I am attempting to validate my stock factors to ensure they are calculating things correctly, but in the process I discovered that the data provided seems to be wildly inaccurate. Just one example of the many I found:
AAPL - Dec 18th
Quantopian: 105.841
Yahoo: 106.03
Google: 106.03
Market Watch: 106.03
Portfolio123: 106.03
In fact, nearly every single close price is off by at least $0.01, but many are off by far more. Nearly every Gain/Return calculation I perform on nearly every stock is off by anywhere from 0.3% to 3% (at least the ones I have manually checked so far). My calculations for Gain/Return over an entire industry are off be even wider margins, sometimes over 12% (as compared to Portfolio123 and several other online databases which report industry performance). All of the other sources were very consistent. While they were off by fractions of a percent up to about 1% from each other, industry performance over the same time period as calculated on Quantopian is off by catastrophic amounts. I will accept the fact that it might be partly due to missing data for various stocks. For example, some of my stocks come up with NaN when computing the industry performance (many don't seem to have an industry code available) so I am prepared for it to differ by a small margin, but having a stock in consumer discretionary telling me its industry dropped by around 12% over the past month while other sources say -25% is just ridiculous.

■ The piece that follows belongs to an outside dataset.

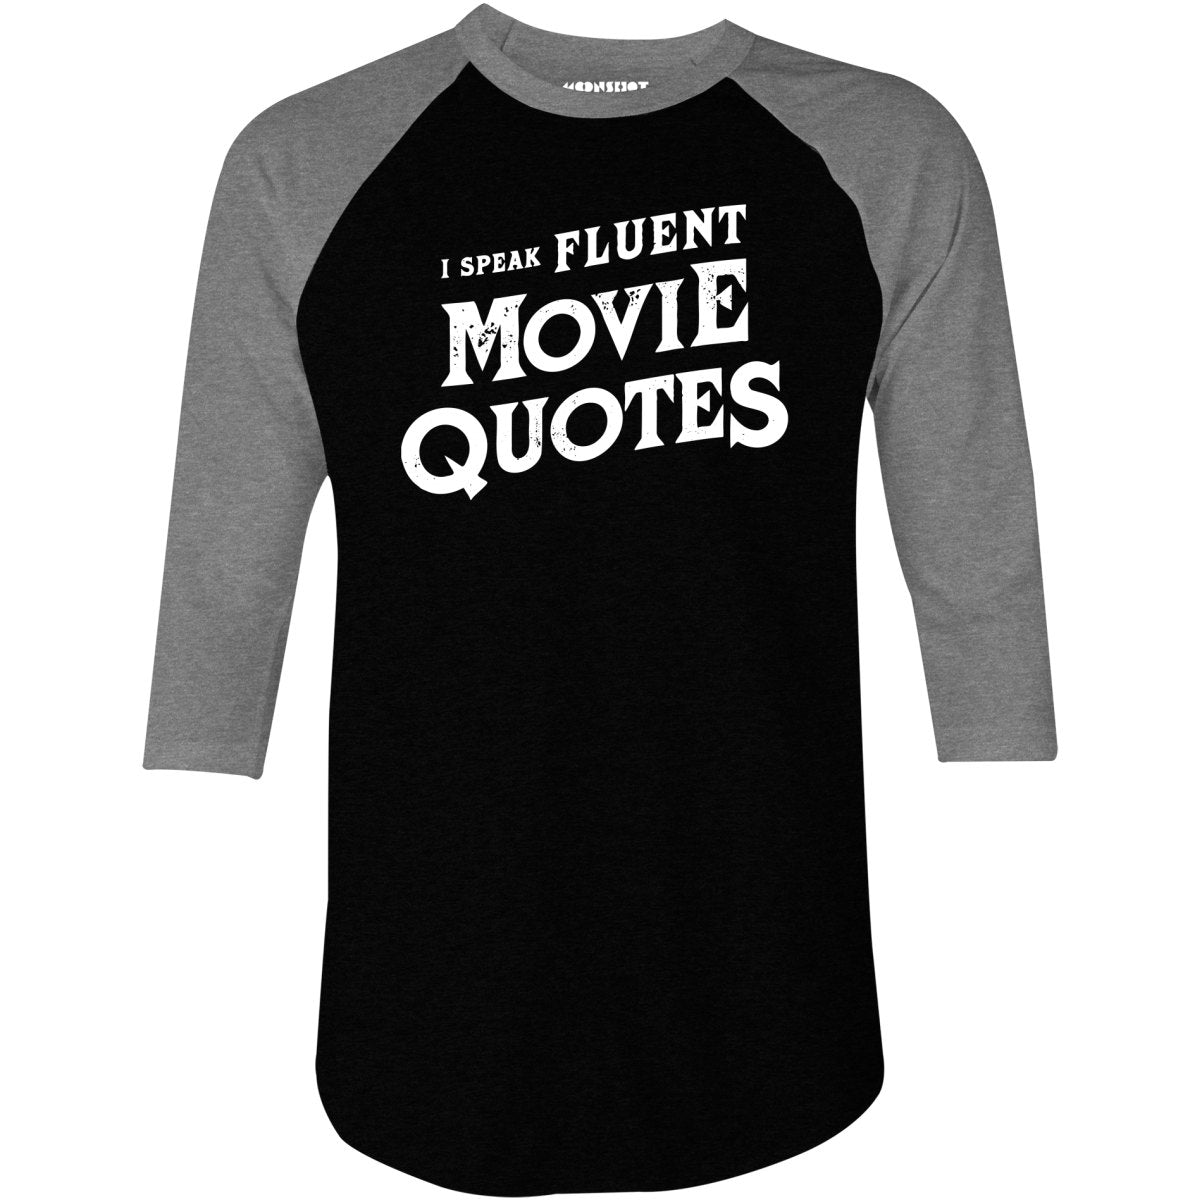 I Speak Fluent Movie Quotes - 3/4 Sleeve Raglan T-Shirt

Now, I am prepared to accept that I may have a bug in my computations, so in the interest of transparency, here is the code:
import numpy as np
from numpy import ma
import pandas as pd
import talib as ta
from quantopian.pipeline.factors import SimpleMovingAverage
from quantopian.algorithm import attach_pipeline, pipeline_output
from quantopian.pipeline import Pipeline, CustomFactor
from quantopian.pipeline.data.builtin import USEquityPricing
import quantopian.pipeline.data.morningstar as ms
def GainPct(offset=0, nbars=2):
class GainPctFact(CustomFactor):
window_length = nbars + offset
inputs = [USEquityPricing.close]
def compute(self, today, assets, out, close):
num_bars, num_assets = close.shape
newest_bar_idx = (num_bars - 1) - offset
oldest_bar_idx = newest_bar_idx - (nbars - 1)
print close[:,2] # Dump AAPL close prices
out[:] = ((close[newest_bar_idx] - close[oldest_bar_idx]) / close[oldest_bar_idx]) * 100
return GainPctFact()
def GainPctInd(offset=0, nbars=2):
class GainPctIndFact(CustomFactor):
window_length = nbars + offset
inputs = [USEquityPricing.close, ms.asset_classification.morningstar_industry_code]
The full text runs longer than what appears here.